Fábregas oyó sus pasos vacilantes, algún que otro traspiés y mucho mascullar improperios contra aquel palacio y sus inconvenientes. Finalmente los postigos fueron separados con gran violencia de sus marcos, donde los había encajado firmemente el desuso, y la estancia quedó bañada por la claridad proveniente del exterior que filtraban los cristales. Las campanas de una iglesia vecina anunciaban la hora del avemaría en aquel mismo momento. La luz crepuscular apenas traía fuerzas para vencer la suciedad que esmerilaba los cristales. Luego, una vez en la sala, aquella luz mortecina parecía dejarse llevar por el polvo que flotaba en el aire.
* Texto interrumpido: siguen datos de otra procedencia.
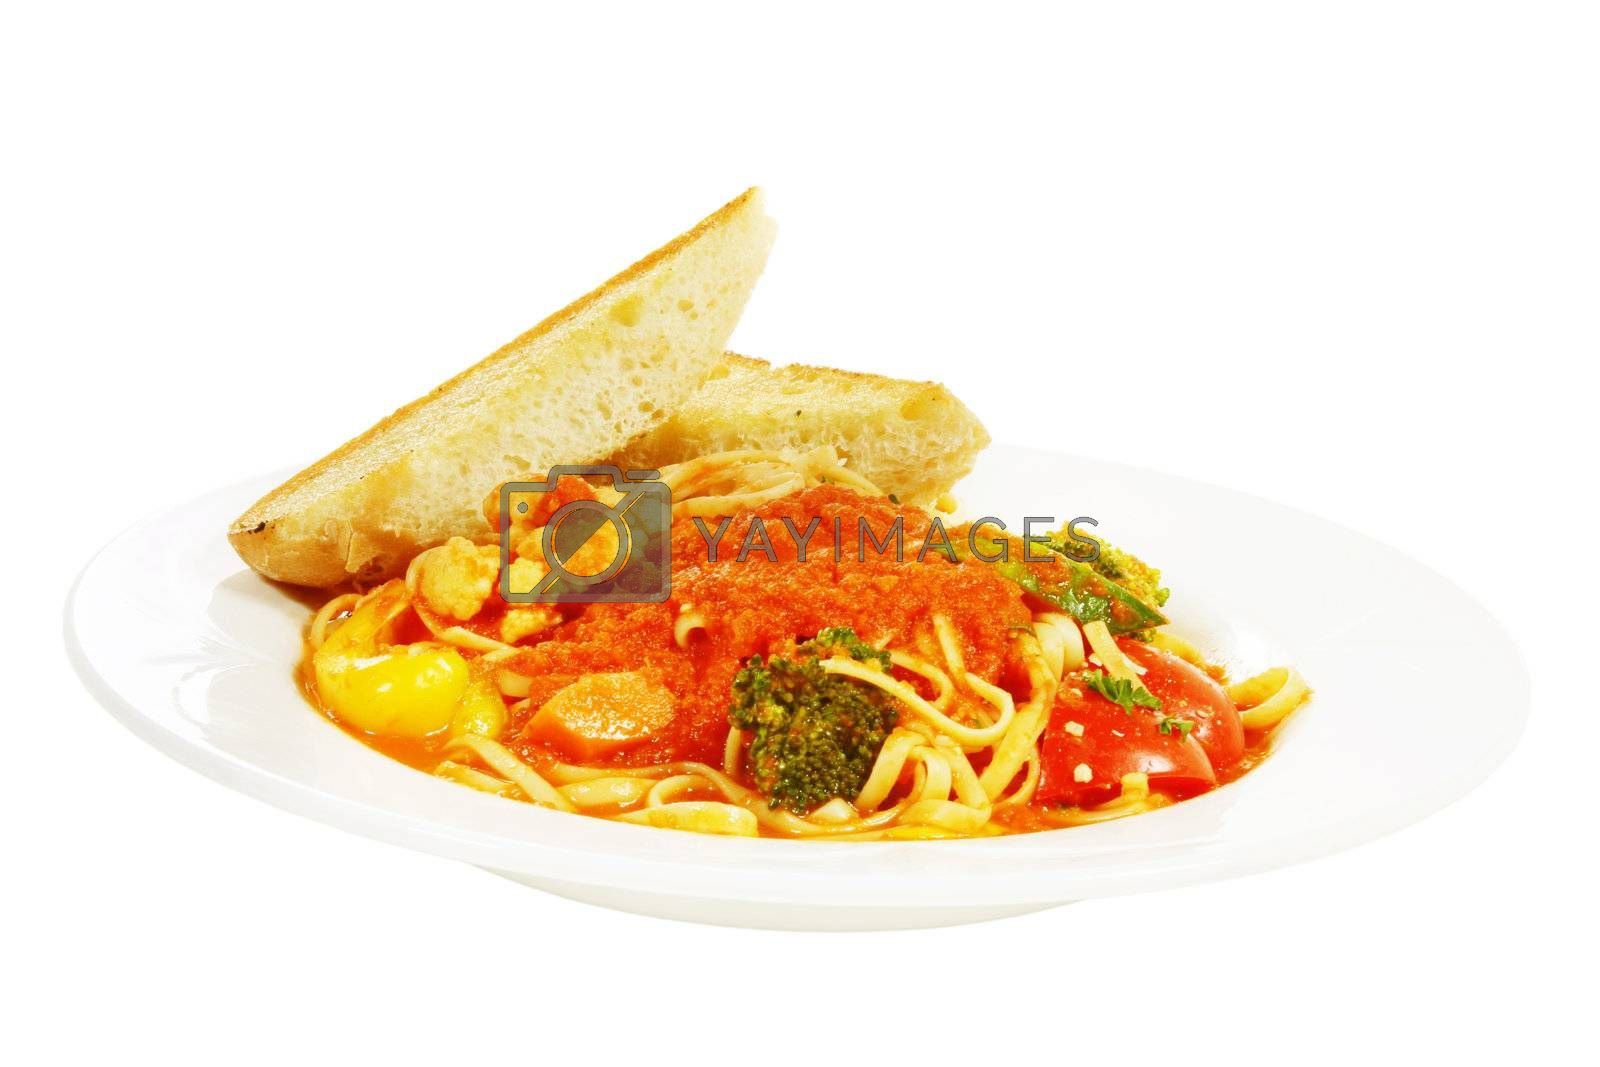 linguini pasta primavera in tomato sauce with vegetables and garlic toast

Por esta causa allí todo parecía decrépito y espectral.

– Siempre ocurre este fenómeno desagradable cuando ponen a funcionar la lavadora y la plancha al mismo tiempo -explicó Charlie mientras se arreglaba precipitadamente el pantalón del pijama, por cuya abertura frontal, de resultas del esfuerzo que había realizado al tironear de los postigos, se le había salido la titola-… ¡y eso que se lo tengo dicho mil veces! Pero ¿se cree usted que aquí alguien me hace caso?

Fábregas aprovechaba la ocasión para examinar el lugar en el que se encontraban. Aquella pieza, que Charlie había llamado sala de recepciones, parecía tener forma circular a simple vista: en realidad su planta era un octógono en el que se alternaban lienzos de pared estrechos, cubiertos de espejos desde el zócalo hasta el plafón de una cornisa situada a media altura, con otros más anchos, en los que se abrían puerta y ventanas o estaban tapizados de damasco oscuro y a lo largo de los cuales corría un sofá de madera dorada y terciopelo verde. A partir de la cornisa, los ocho lienzos perdían sus vértices y se confundían en una bóveda de madera artesonada. Por supuesto, la madera de la bóveda se había desprendido en varios puntos, formando abultamientos, o se había abierto por efecto del calor o de la humedad y ahora presentaba horribles heridas erizadas de astillas; la tapicería de las paredes ya no era más que unos amasijos de harapos e hilachas, que recordaban los sudarios de algunas momias, y a través de los cuales se veían fragmentos irregulares de pared desconchada y enmohecida; el sofá había perdido más de la mitad de las patas y brazos y por las tajadas que el tiempo y la desidia habían hecho en el terciopelo asomaban muelles oxidados y manojos de la borra y la paja que rellenaban los cojines; los espejos estaban desportillados y sin azogue; allí donde existía un ángulo las arañas habían acumulado telas de un diámetro y espesor increíbles; donde antes había habido lámparas y candelabros ahora había únicamente ganchos y clavos, cables cortados y trozos de bronce o hierro rotos y torcidos, como si antes de entrar en decadencia aquel salón hubiera sido objeto de saqueo. En todas partes reinaba un olor penetrante a gato y a meados antiguos.